Figure 111. Initially bootstrap a Panasonic phone

The CloudPBX module ensures that when an end customer creates a Panasonic device, the MAC address is automatically provisioned on the Panasonic web service via an API call, so the customer’s phone can use the correct provisioning URL to connect to the auto-provisioning server of the CloudPBX.

As a result, no customer interaction is required to bootstrap Panasonic phones, other than just creating the phone with the proper MAC on the CloudPBX web interface.

Factory Reset

For already provisioned phones, the end customer might need to perform a factory reset:

The default username for factory-reset phones is admin with password adminpass.

Subsequent Device Resyncs

The same procedure as with Cisco SPA phones applies, once a subscriber configured on the phone is registered.

Initial Bootstrapping

Yealink provides a zero-touch provisioning mechanism in their firmwares, which causes the factory-reset phones to connect to a Yealink web service at https://rps.yealink.com to check if a custom provisioning URL is configured for the MAC address of the phone. If an association between the MAC and a provisioning URL is found, the web service redirects the phone to the provisioning URL, where the phone connects to in order to obtain the configuration file.

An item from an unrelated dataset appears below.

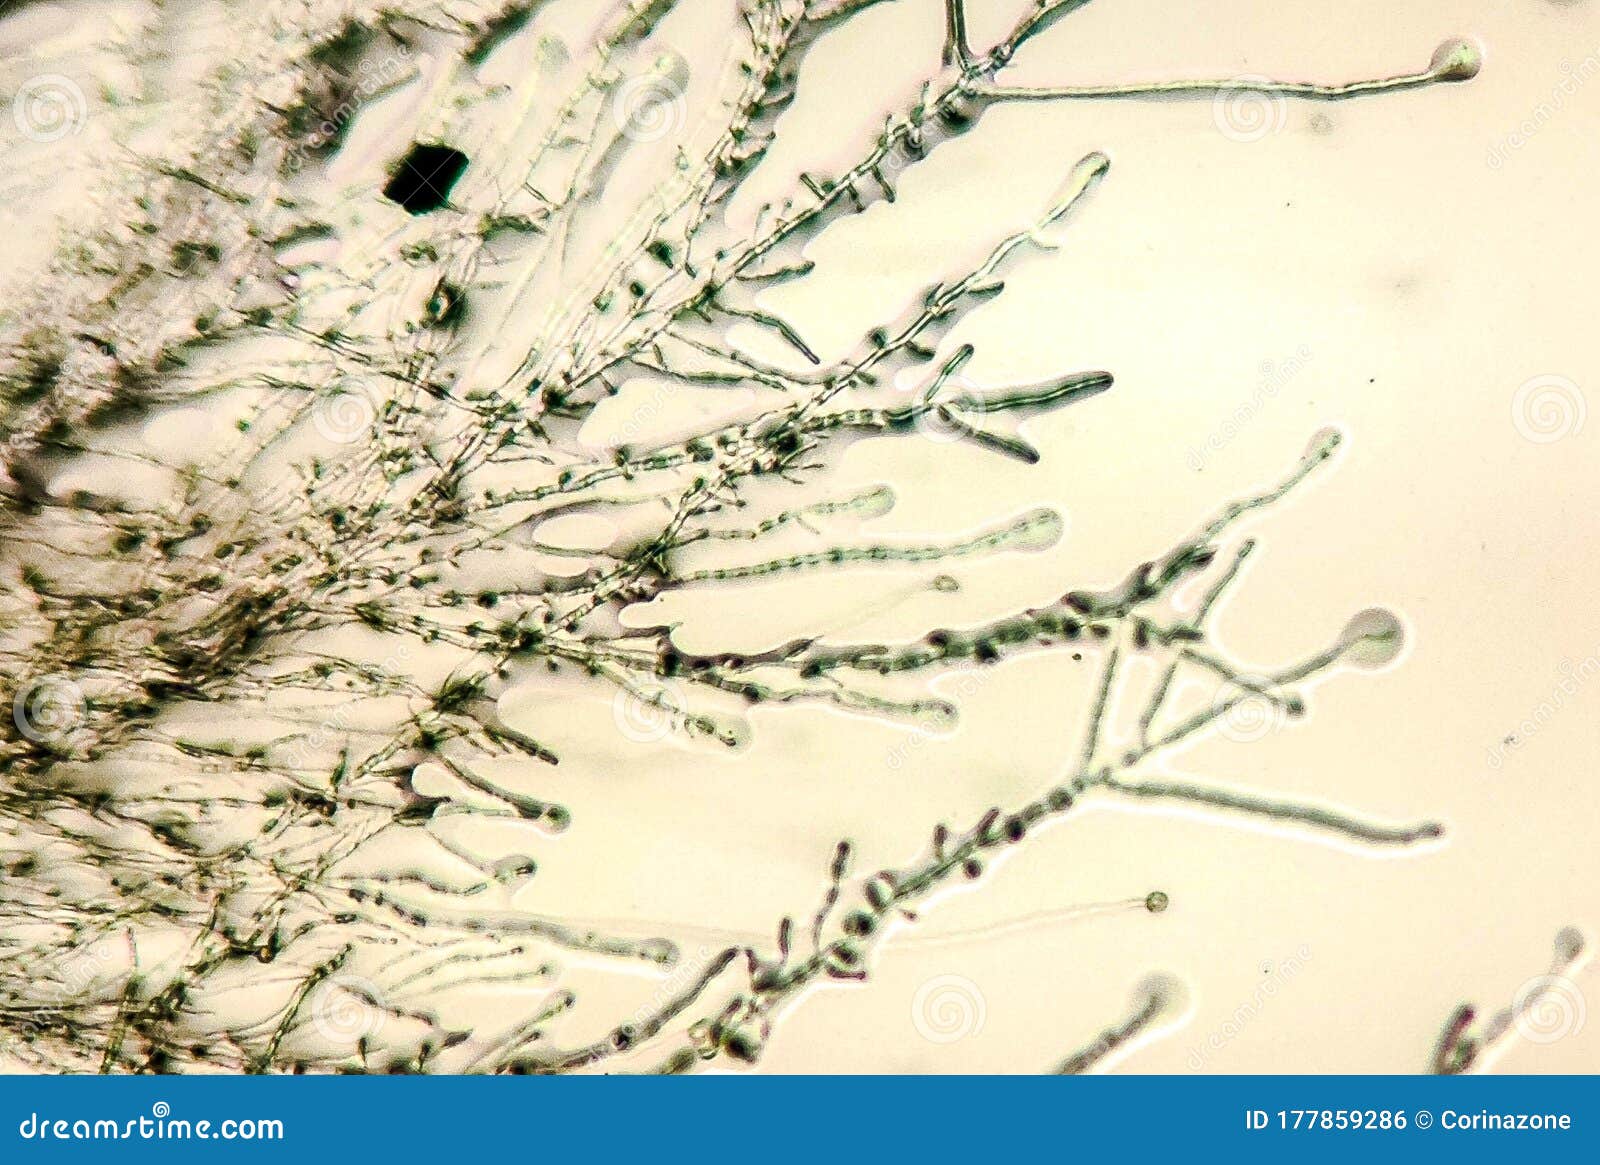 Грибок Dermatophyte под микроскопом Стоковое Фото - изображениенасчитывающей микроскоп, колония: 177859286

If both Cisco SPA and Yealink phones are used, an issue with the Cisco-signed server certificate configured on the provisioning port (1444 by default) of the CloudPBX provisioning server arises. Yealink phones by default only connect to trusted server certificates, and the Cisco CA certificate used to sign the server certificate is not trusted by Yealink. Therefore, a two-step approach is used to disable the trusted check via a plain insecure http port (1445 by default) first, where only device-generic config options are served. No user credentials are provided in this case, because no SSL client authentication can be performed. The generic configuration disables the trusted check, and at the same time changes the provisioning URL to the secure port, where the Yealink phone is now able to connect to.

Figure 112. Initially bootstrap a Yealink phone

The CloudPBX module ensures that when an end customer creates a Yealink device, the MAC address is automatically provisioned on the Yealink web service via an API call, so the customer’s phone can use the correct insecure bootstrap provisioning URL to connect to the auto-provisioning server of the CloudPBX for the generic configuration, which in turn provides the information on where to connect to for the secure, full configuration.

As a result, no customer interaction is required to bootstrap Yealink phones, other than just creating the phone with the proper MAC on the CloudPBX web interface.

Factory Enable Yealink Auto-Provisioning

Older Yealink firmwares don’t automatically connect to the Yealink auto-provisioning server on initial boot, so it needs to be enabled manually by the end customer.

Subsequent Device Resyncs

The same procedure as with Cisco SPA phones applies, once a subscriber configured on the phone is registered.

Initial Bootstrapping

An Audiocodes device provides a zero-touch provisioning mechanism in its firmware which causes a factory-reset device to connect to the URL built into the firmware. This URL is pointing to the NGCP provisioning server (in case of NGCP Carrier: web01 node) listening on TCP port 1444 for HTTPS sessions.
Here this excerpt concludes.